April’s wholesale prices were up less than expected at +0.1% for services and unchanged for goods, with overall prices up +0.1%, and core prices, which exclude food and energy, up +0.2%. The yearly rate of wholesale inflation slowed from +3.0% to +2.6% for overall prices and from +2.7% to +2.3% for core prices. Service price increases were led by final demand trade services (+0.2%), which was largely based on a +0.9% increase in the price index for machinery, equipment, parts and supplies wholesale trade, and also included a +0.6% hike in transportation and warehousing services.
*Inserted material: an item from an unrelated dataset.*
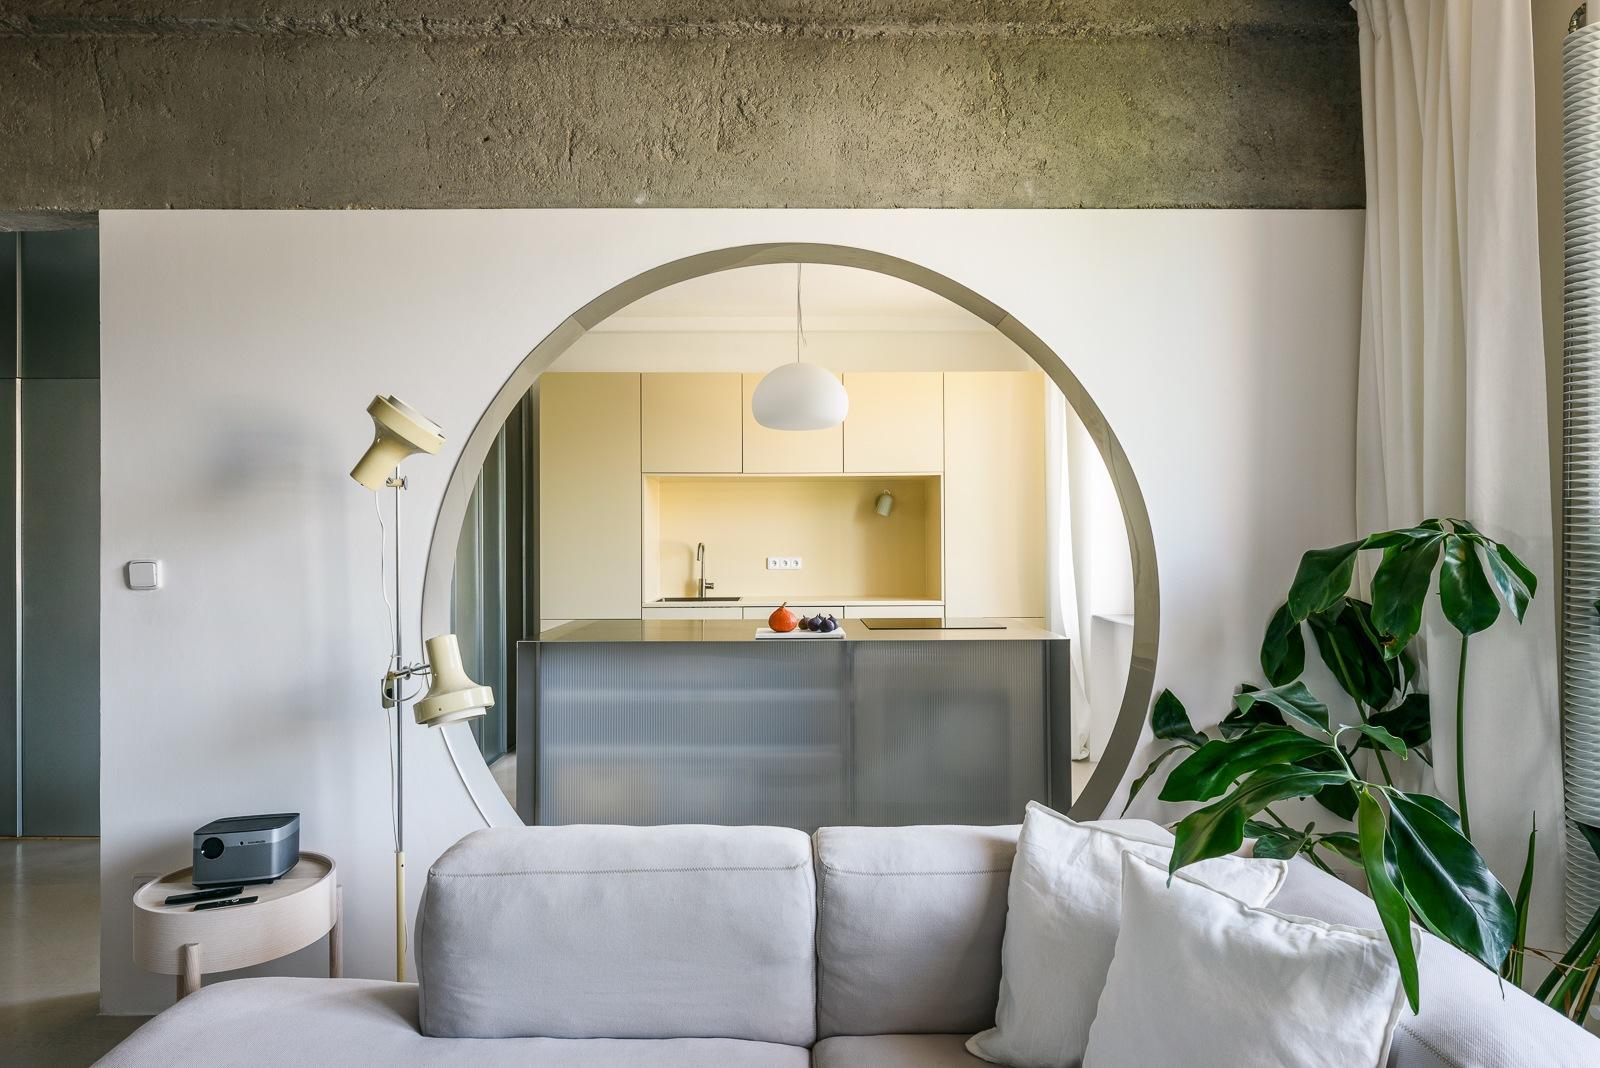 500 bytov, prerábka, trojizbový byt
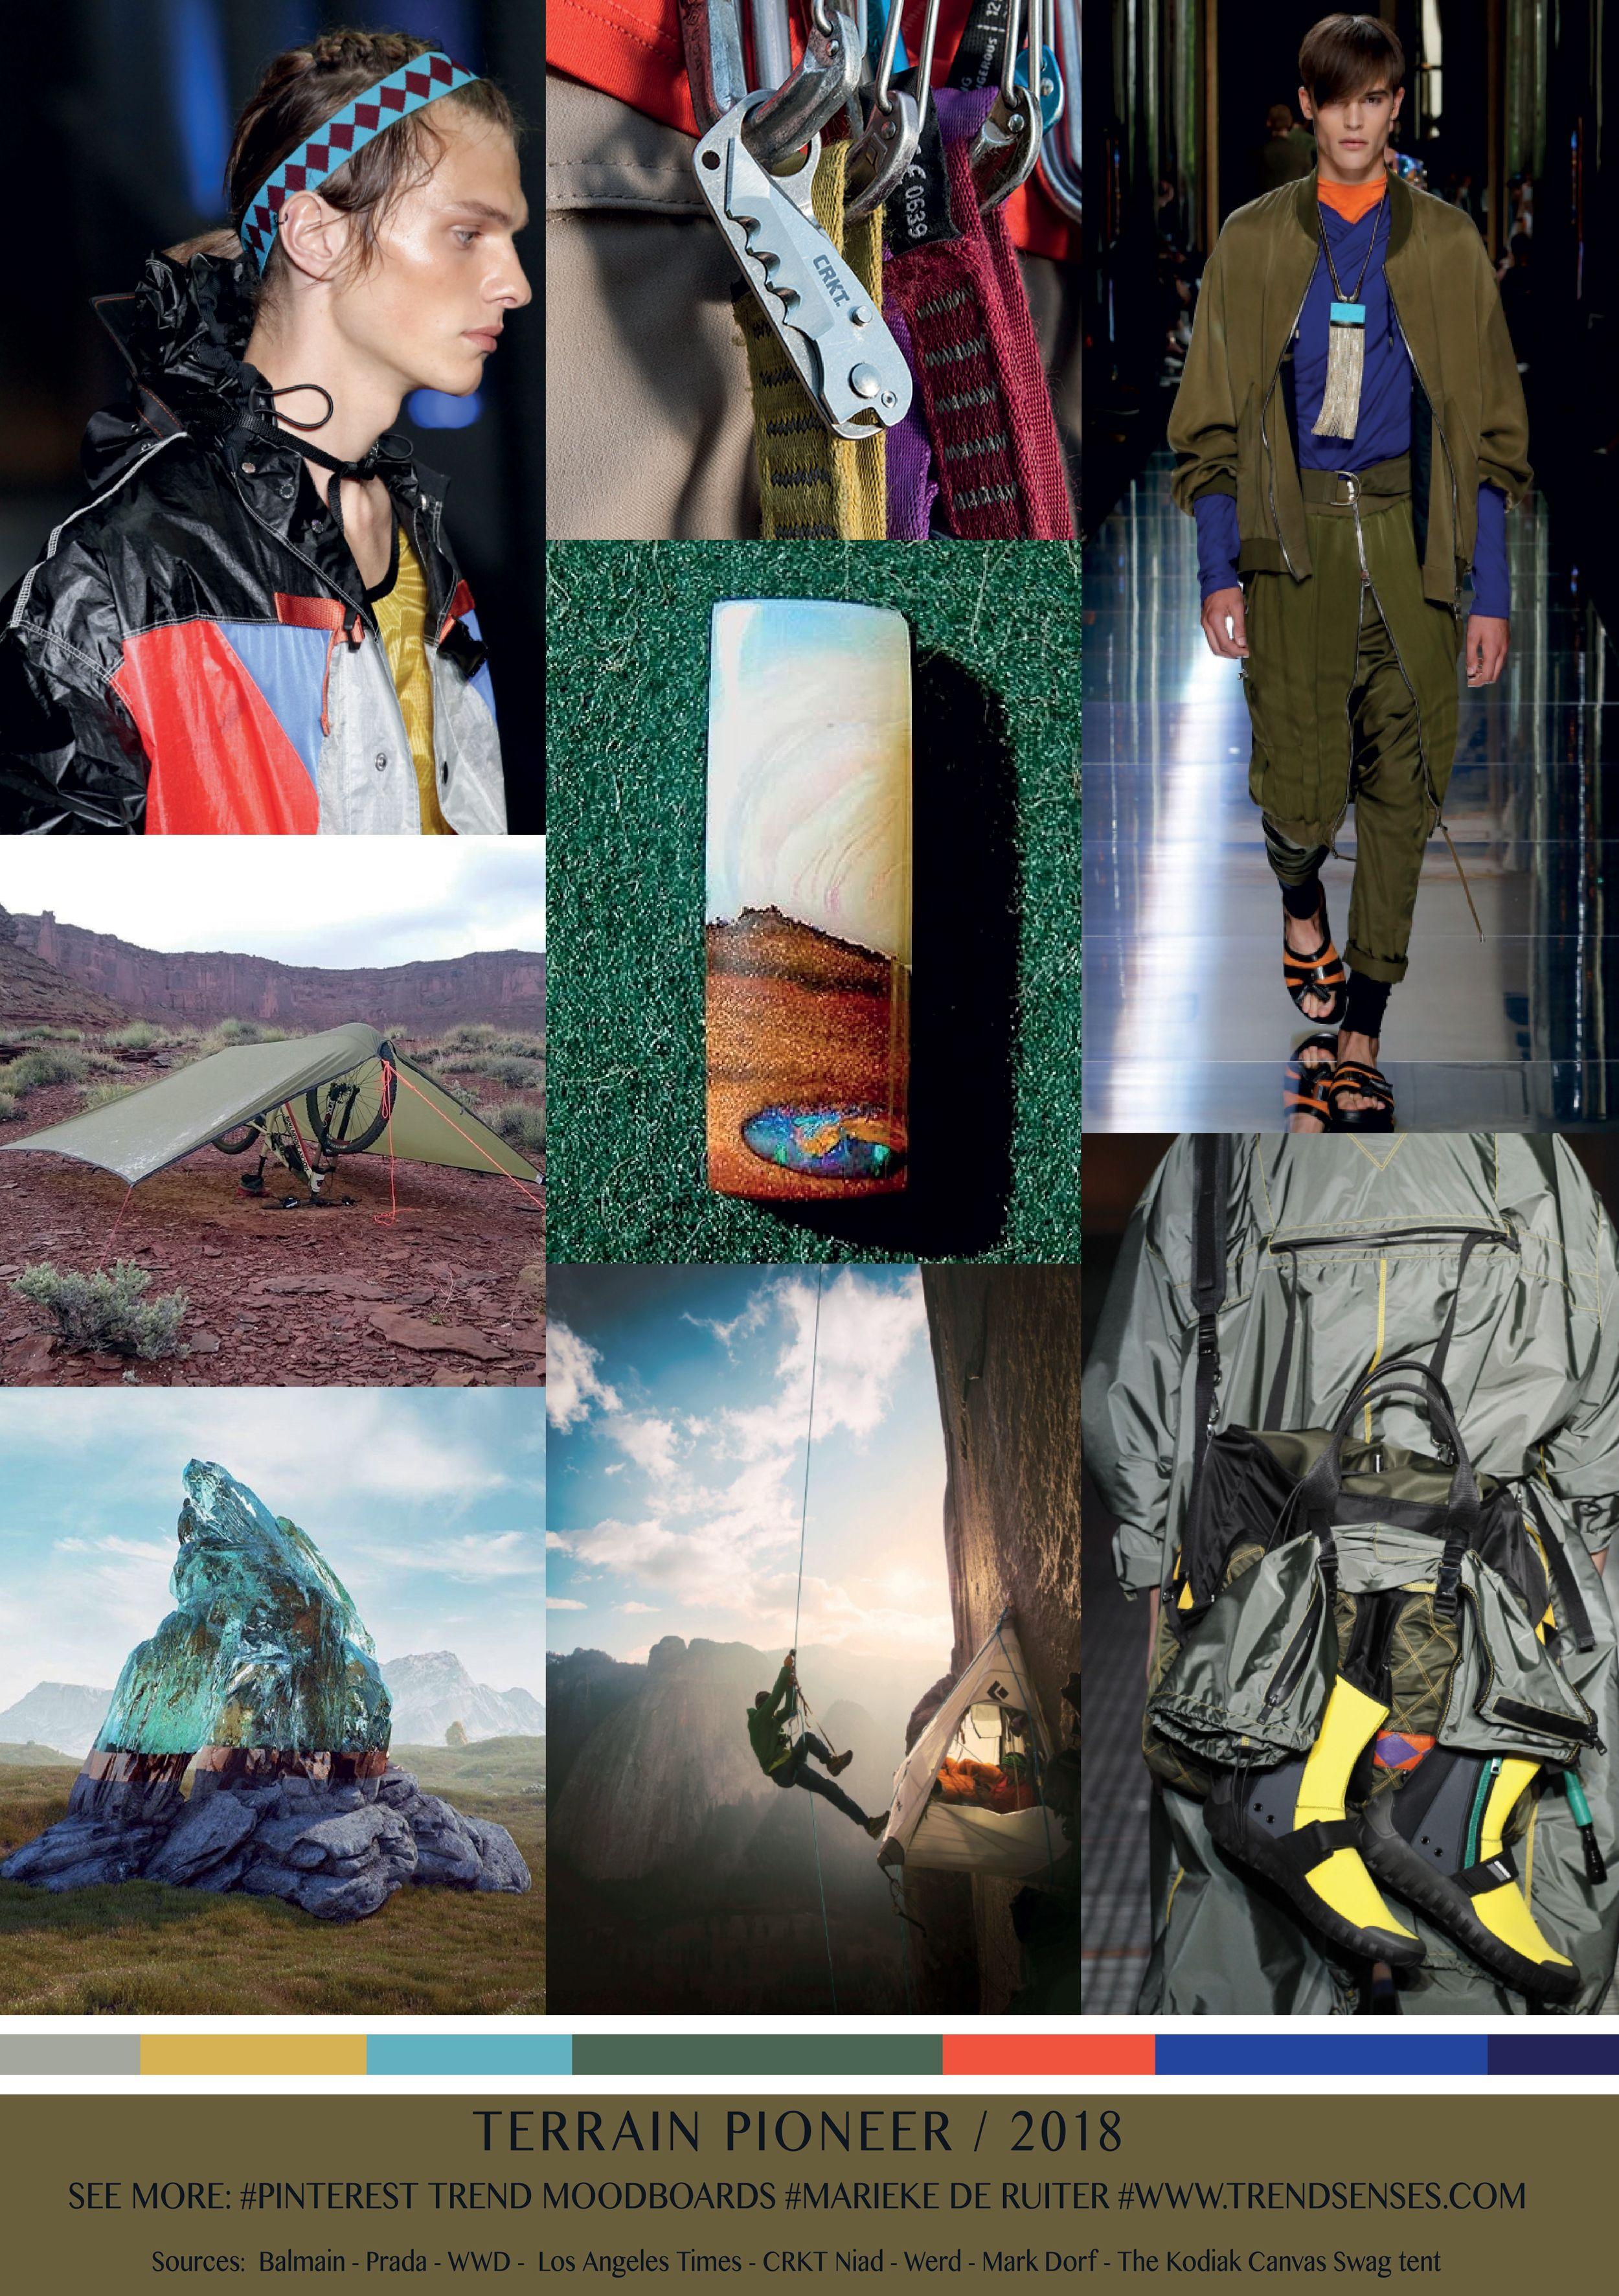 terrain pioneer trend 2018 2019 marieke de ruiter fashion aw 2018. Black Bedroom Furniture Sets. Home Design Ideas

For goods a -1.1% drop in food prices, with notable prices drops for eggs (-22.9%) and fresh vegetables (-17.8%), was offset by a +0.1% rise in energy prices and a +0.3% rise in the core prices.
Consumer prices were also up less than expected in April, with a +0.2% overall increase and a +0.1% increase in core prices. On a yearly basis overall prices rose +2.5% vs +2.4% for March, as yearly costs increased +1.4% for food, +7.9% for energy, and 2.1% for core prices. In energy prices, gasoline was up +0.3% after a -4.9% decline in March, while electricity dropped -0.6% and natural gas dropped -0.4%. In the food category, meat prices were up +0.5%, with a -0.7% drop in pork prices helping to offset a +1.3% gain in beef and veal prices and a +7.1% increase in egg prices. Increases in core prices included shelter (+0.3%), personal care (+0.7%), and household furnishings (+0.5%), and decreases included used cars and trucks (-1.6%, largest decrease since March 2009), new vehicles (-0.5%), airline fares (-2.7%), and the first monthly decline in motor vehicle insurance (-0.2%) in the past 12 months.